Great news, many thanks.

Regards

Andy

PS. I just ordered on on ebay, very cheaply!!!

PPS. I am sure that many here will have been helped....


----------



## der_fisherman (Jul 26, 2014)

der_fisherman said:


> Great news, many thanks.
> 
> Regards
> 
> ...


I just got it, works perfectly! And far cheaper than similar pencils/pens that I have seen....

regards

Andy


----------



## MostlyKnittingMachines (Jan 30, 2014)

Glad it helped.


----------



## lillypit (Dec 9, 2012)

I use Staedtler non-permanent Lumocolour 
then I clean the sheets with baby wipes and then dry them with paper towel. stubborn marks I use cream cleaner then rinse off and dry. works perfectly.


----------



## der_fisherman (Jul 26, 2014)

lillypit said:


> I use Staedtler non-permanent Lumocolour
> then I clean the sheets with baby wipes and then dry them with paper towel. stubborn marks I use cream cleaner then rinse off and dry. works perfectly.


Thanks.

Andy


----------



## fiberfling (Feb 25, 2016)

I ordered a black Zig writer from the UK on ebay, it works. Also the original erasable black "pen" from Brother was a Pilot brand.


----------



## suedenie (Nov 15, 2015)

Hi, I can see you are in Germany. I've just bought an electronic pen from Metropoltain knitting in UK, but this was for marking the passap card on E6000 knitting machine, doesn't wipe off. You could try BSK in England, they dont over charge for postage, send them an E-MAIL, you never know, they might be able to help.
Good luck, Sue


----------



## JaniceK (Mar 30, 2011)

I don't have any Brother machines now, but a friend in our local MK group has Brothers & she uses a *soft lead* pencil on her mylars. She said the soft lead works because it is not "shiny' which reportedly can confuse the reader. Also she uses WD-40 (your favorite, Andy) to clean the lead markings off the sheets; many other people report using an "art eraser" successfully.

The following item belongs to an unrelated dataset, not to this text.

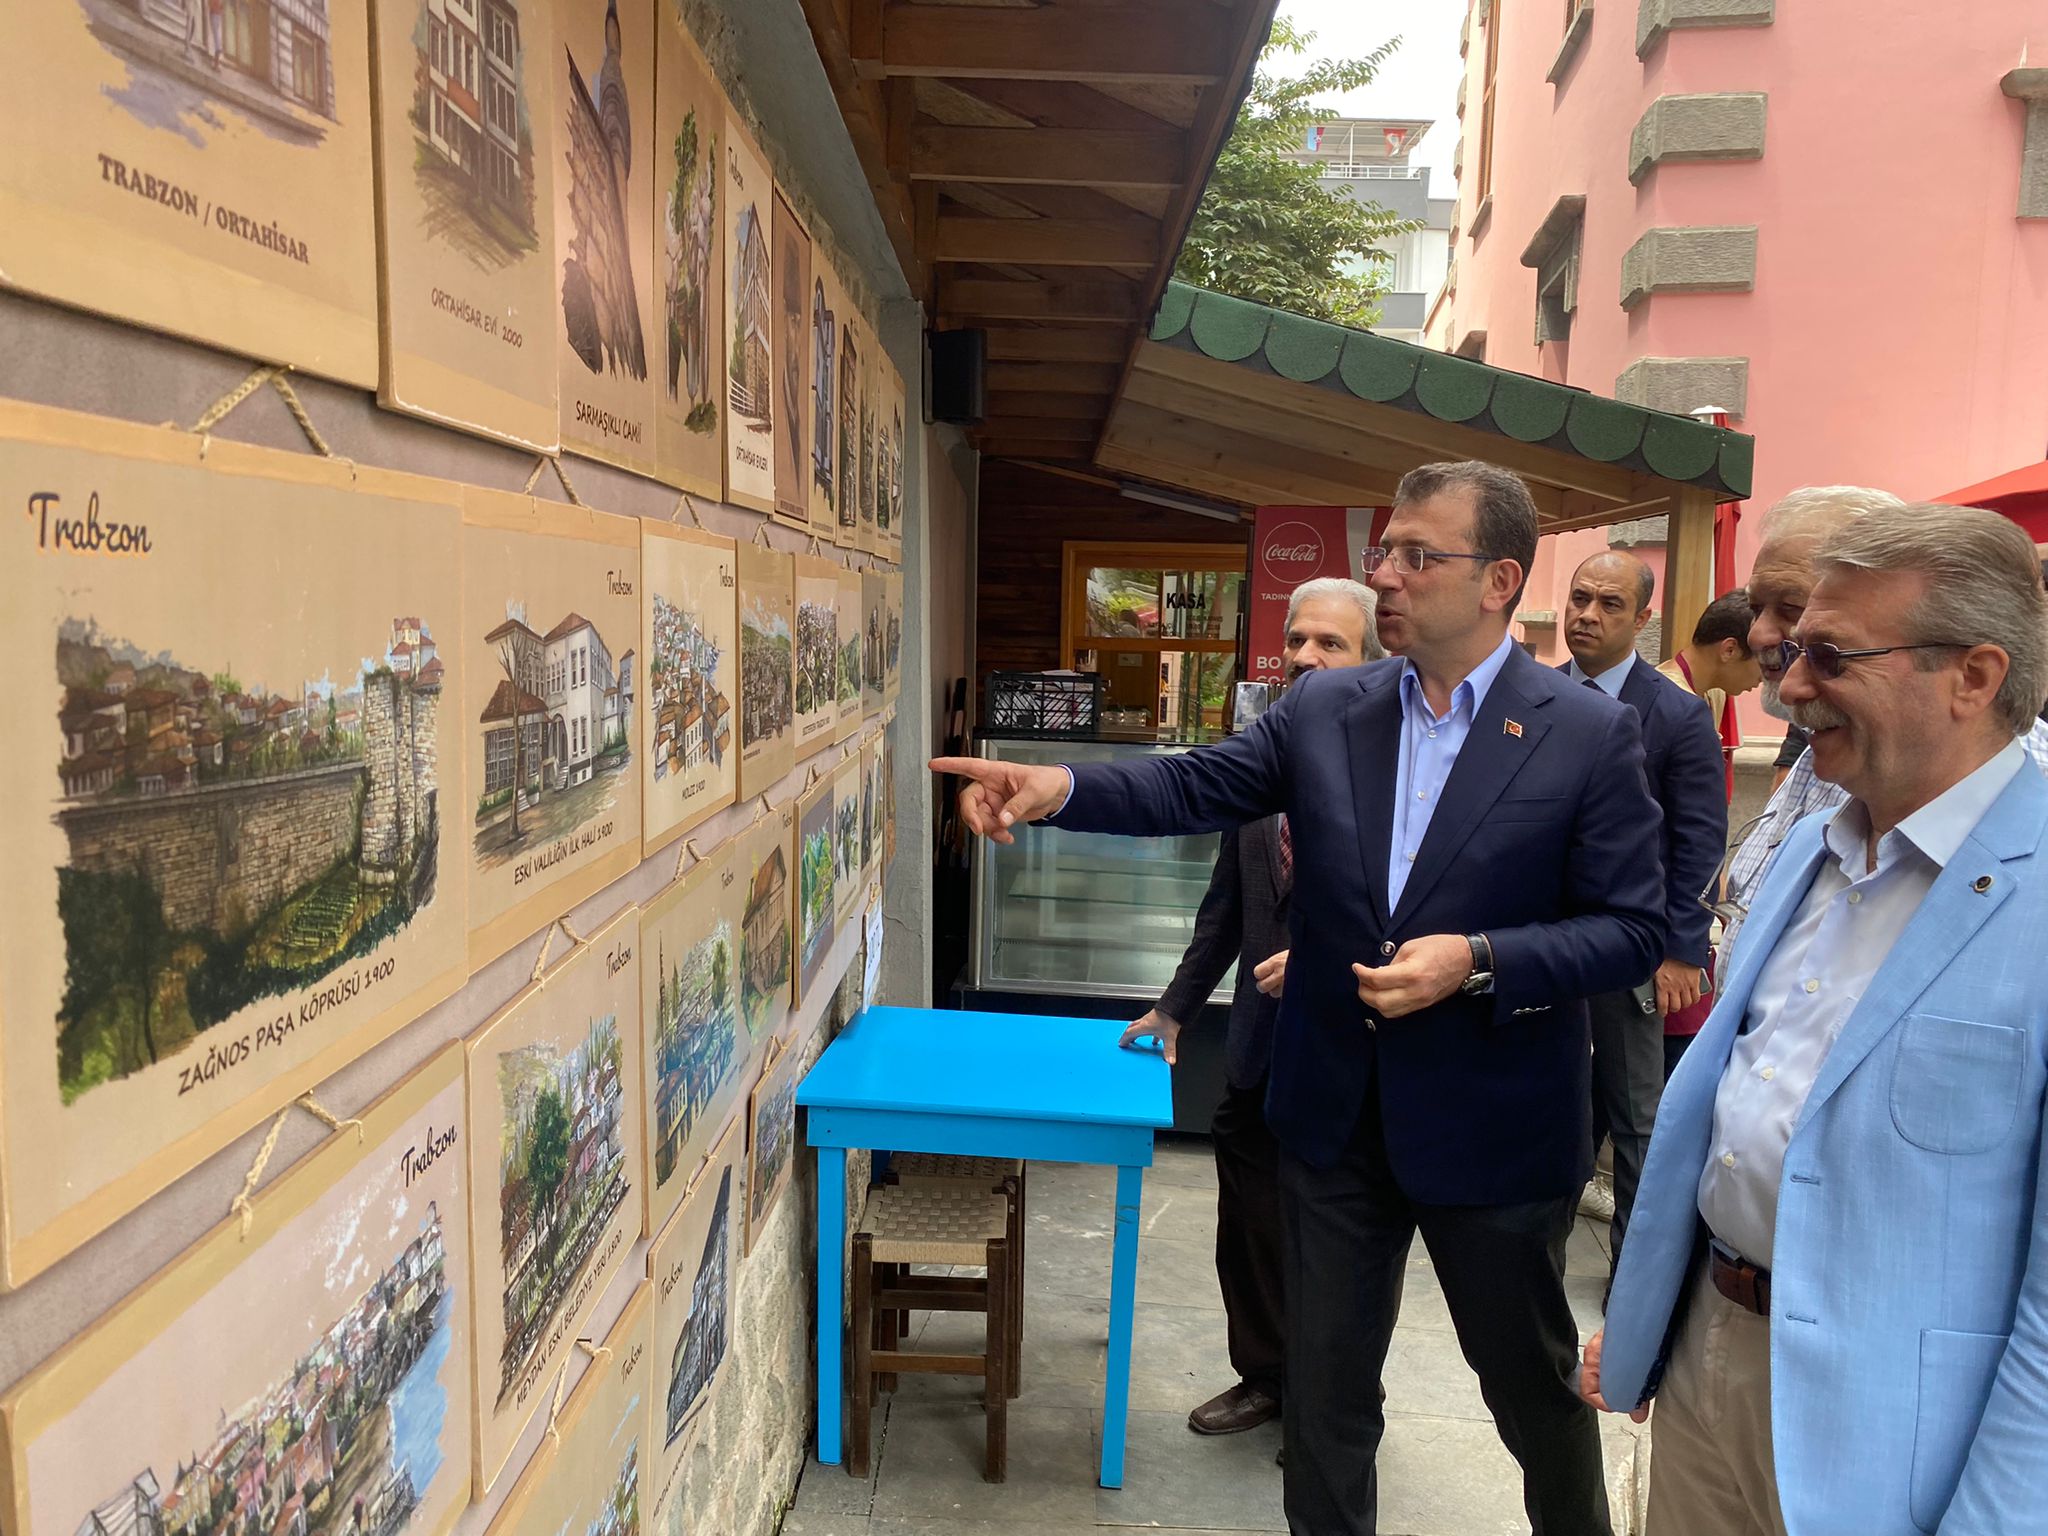 İBB Belediye Başkanı Ekrem İmamoğlu, eşi Dilek İmamoğlu’nun amcası Mehmet Kaya’nın cenazesi için geldiği memleketi Trabzon’da daha önceden söz verdiği bir ziyareti gerçekleştirdi.

So any place that sells school or office supplies should have a suitable pencil.


----------



## 2shedsted (Sep 11, 2016)

Metropolitan do the pens, they have loads of spares for knitting machines.


----------



## JaniceK (Mar 30, 2011)

The wet-erasable "Vis a Vis" pens commonly available @ office supply stores are esy to find and not expensive.


----------



## keetza (Feb 6, 2016)

For my 910 Mylar pattern sheets, I've been using a Schwan Stabilo pencil and a Staedtler Mars Plastic eraser for many years now. Both are available in art supply stores.


----------



## redgem (Oct 27, 2012)

what ever you decide on, try it on a corner somewhere out of the way first to ensure that it will wash off the way it should, and use caution and the same rule with any cleaners as some can take the printing off along with the pen/pencil marking


----------



## ac001234h (Feb 11, 2011)

try a #2 pencil./I'mtold that will work


----------



## fiberfling (Feb 25, 2016)

Unfortunately I am Upstairs. For the 910 I use a pen I ordered from the UK and it is downstairs. I will get back later in the day with the name of it. Very jet black for the little squares. Not for knitleaders, I use any washable pen for those.


----------



## suedenie (Nov 15, 2015)

I've never used a myler sheet on my 950i, I have always used my brother disc drive or PPD. I also have a Passap E6000 that I do use myler sheets with. I bought a new pen from Metropolitan Knitting in Cheshire UK. They have pens, they are a reasonable price. All the best, hope you find what you want. Sue UK


----------



## fiberfling (Feb 25, 2016)

Sorry for getting back late, totally forgot this.

I use the sakura Pen from this link at Tiger Pens very dense washable, needs a lot of washing.

http://www.tigerpens.co.uk/sakura-pen-touch-calligrapher-fine/p1360


----------